Passt heute schon durch die Elbfahrrinne zwischen Nordsee und Hamburg: Das Kreuzfahrtschiff "Queen Elizabeth" im Hamburger Hafen

Passt heute schon durch die Elbfahrrinne zwischen Nordsee und Hamburg: Das Kreuzfahrtschiff "Queen Elizabeth" im Hamburger Hafen  |  © Markus Scholz/AFP/Getty Images

Von oben, von der Ladebrücke aus, erinnert der Hamburger Hafen an ein riesiges Uhrwerk. Auf dem Gelände stapeln sich in langen Reihen Container, Kräne rattern daran entlang. heben manche hoch und setzen andere ab. Automatisch gesteuerte Wagen fahren geschäftig hin und her, bringen Ware von den Schiffen ins Lager und umgekehrt. Gerade hat ein Containerschiff am Dock angelegt, schwer beladen mit Fracht aus Asien . Rund 5.000 Standardcontainer (TEU) sind auf einen Schwung angekommen. Einer nach dem anderen werden sie abtransportiert.

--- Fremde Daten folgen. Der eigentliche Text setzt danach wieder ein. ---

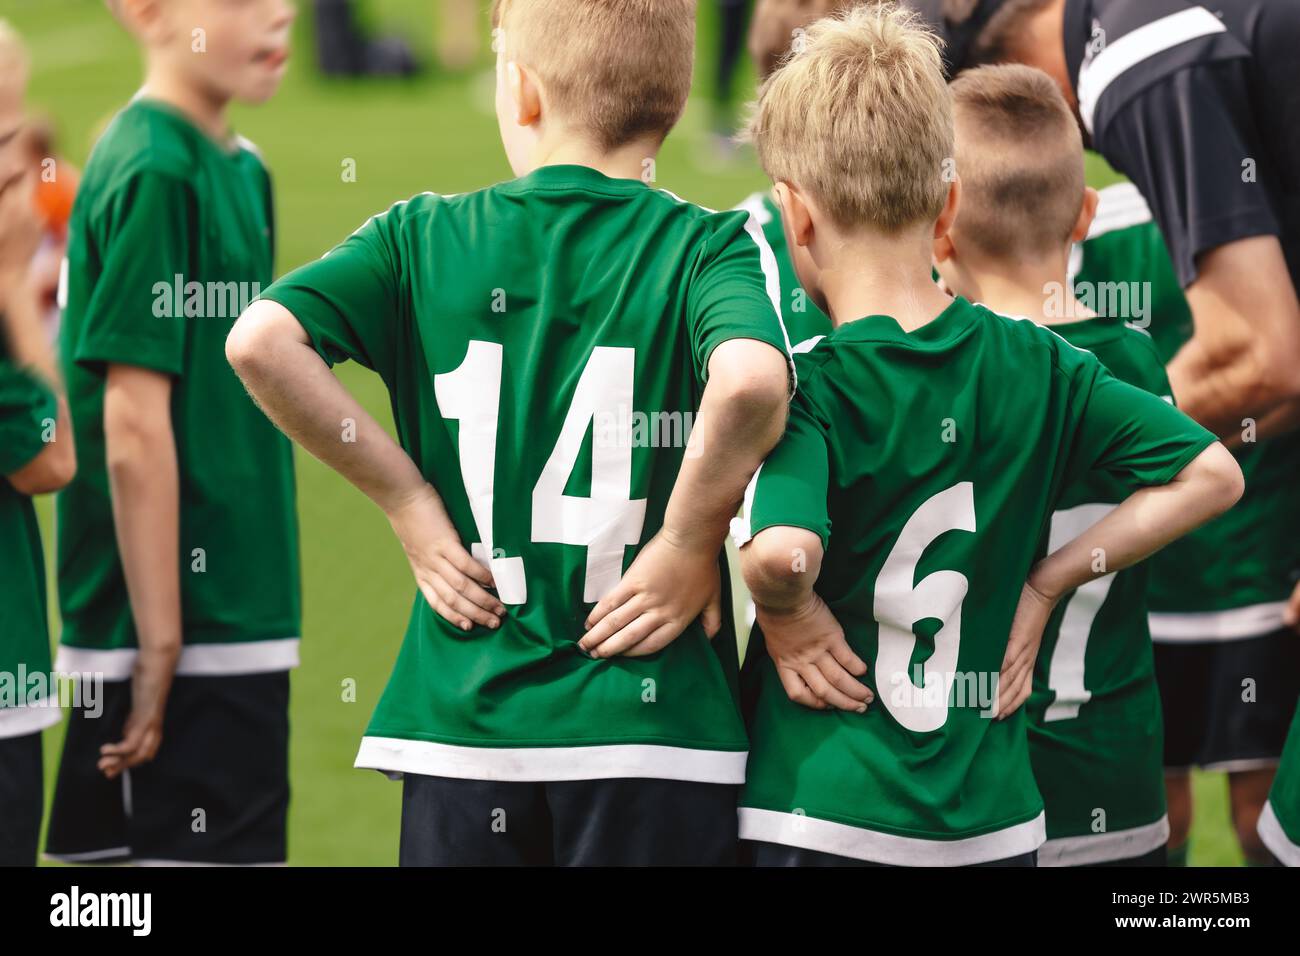 Children in sports team coached by young coach. a Soccer competition game for school kids. Kids listen to the coach's advice during the half-time brea Stock Photo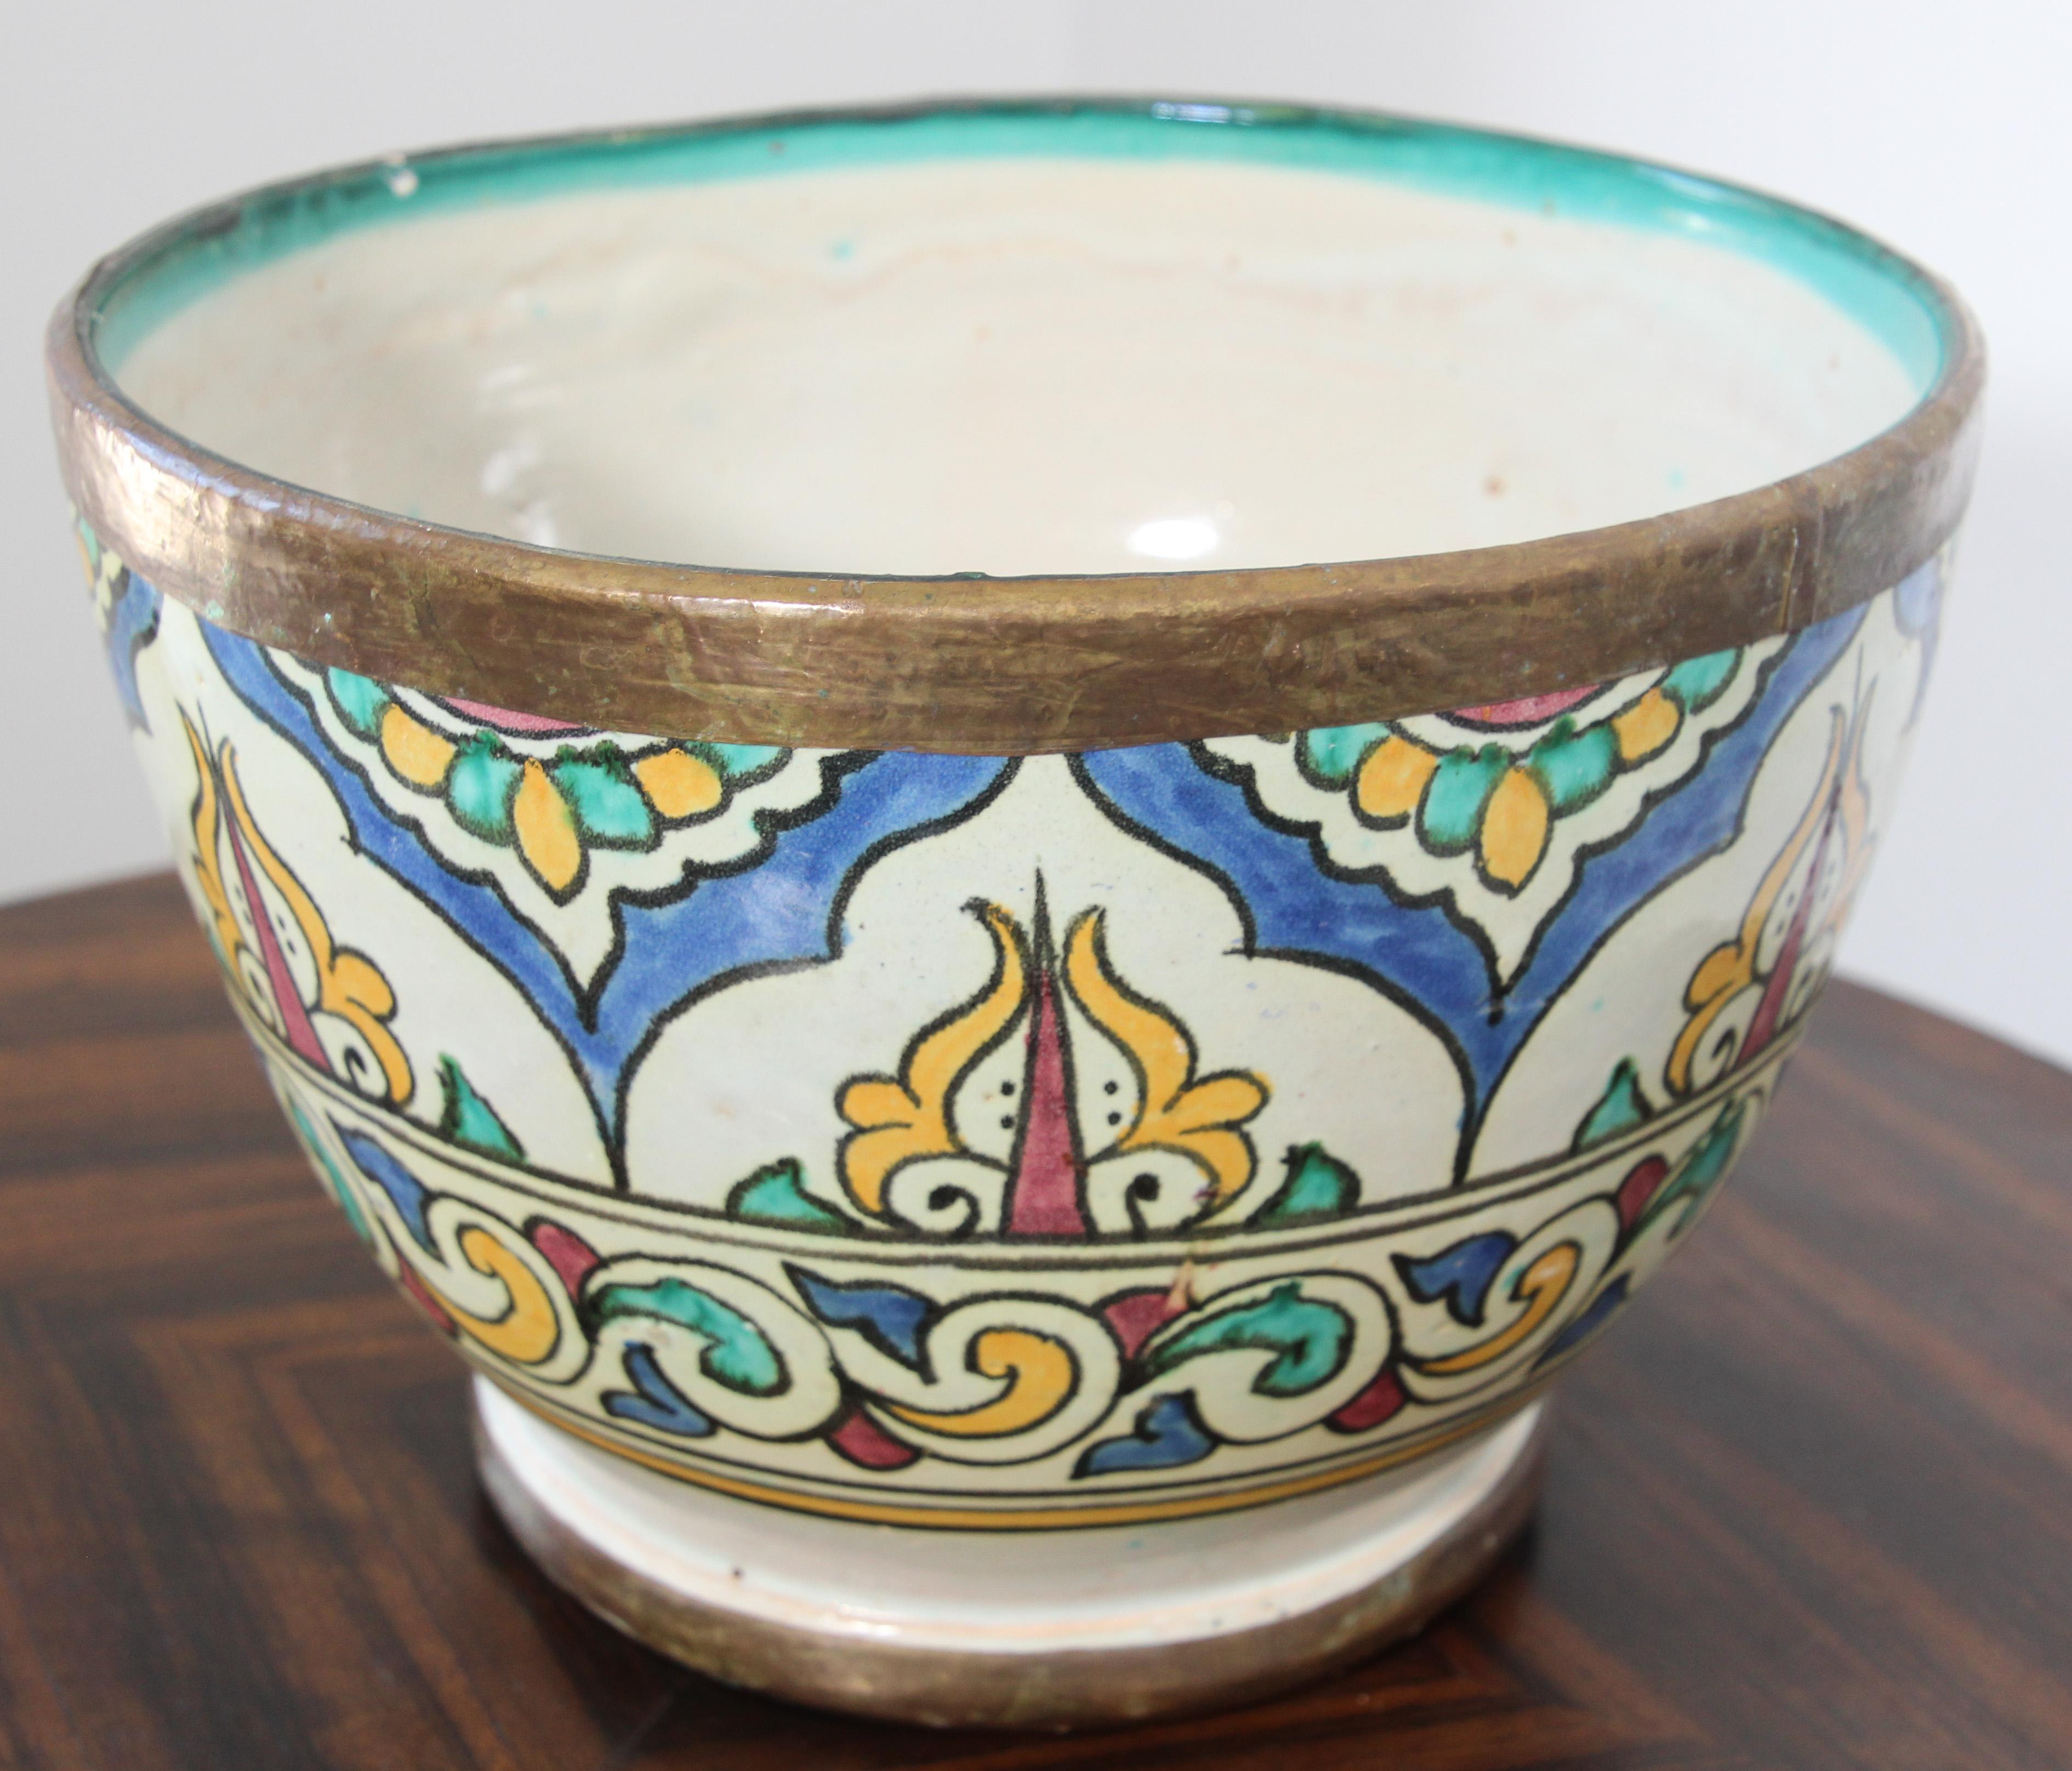 Hand-Crafted Antique Moroccan Ceramic Glazed Bowl Handcrafted in Fez Meknes Jobbana 1900 For Sale

Es ist ein fein aufeinander abgestimmtes Uhrwerk, doch in Hamburg fürchten viele, dass es bald ins Stocken geraten könnte. Die Elbe ist zu schmal und vor allem zu flach für die jüngste Generation der riesigen Containerschiffe, die seit einiger Zeit auf den Weltmeeren unterwegs ist. Die Hansestadt will den Fluss daher vertiefen, doch der Plan ist umstritten. Seit zehn Jahren diskutieren Politiker, Unternehmer und Umweltverbände erbittert das Für und Wider. Ohne den Ausbau könne der Hafen einpacken, klagt die Wirtschaft. Purer Luxus und ökologisch eine Katastrophe, zetern Umweltschützer.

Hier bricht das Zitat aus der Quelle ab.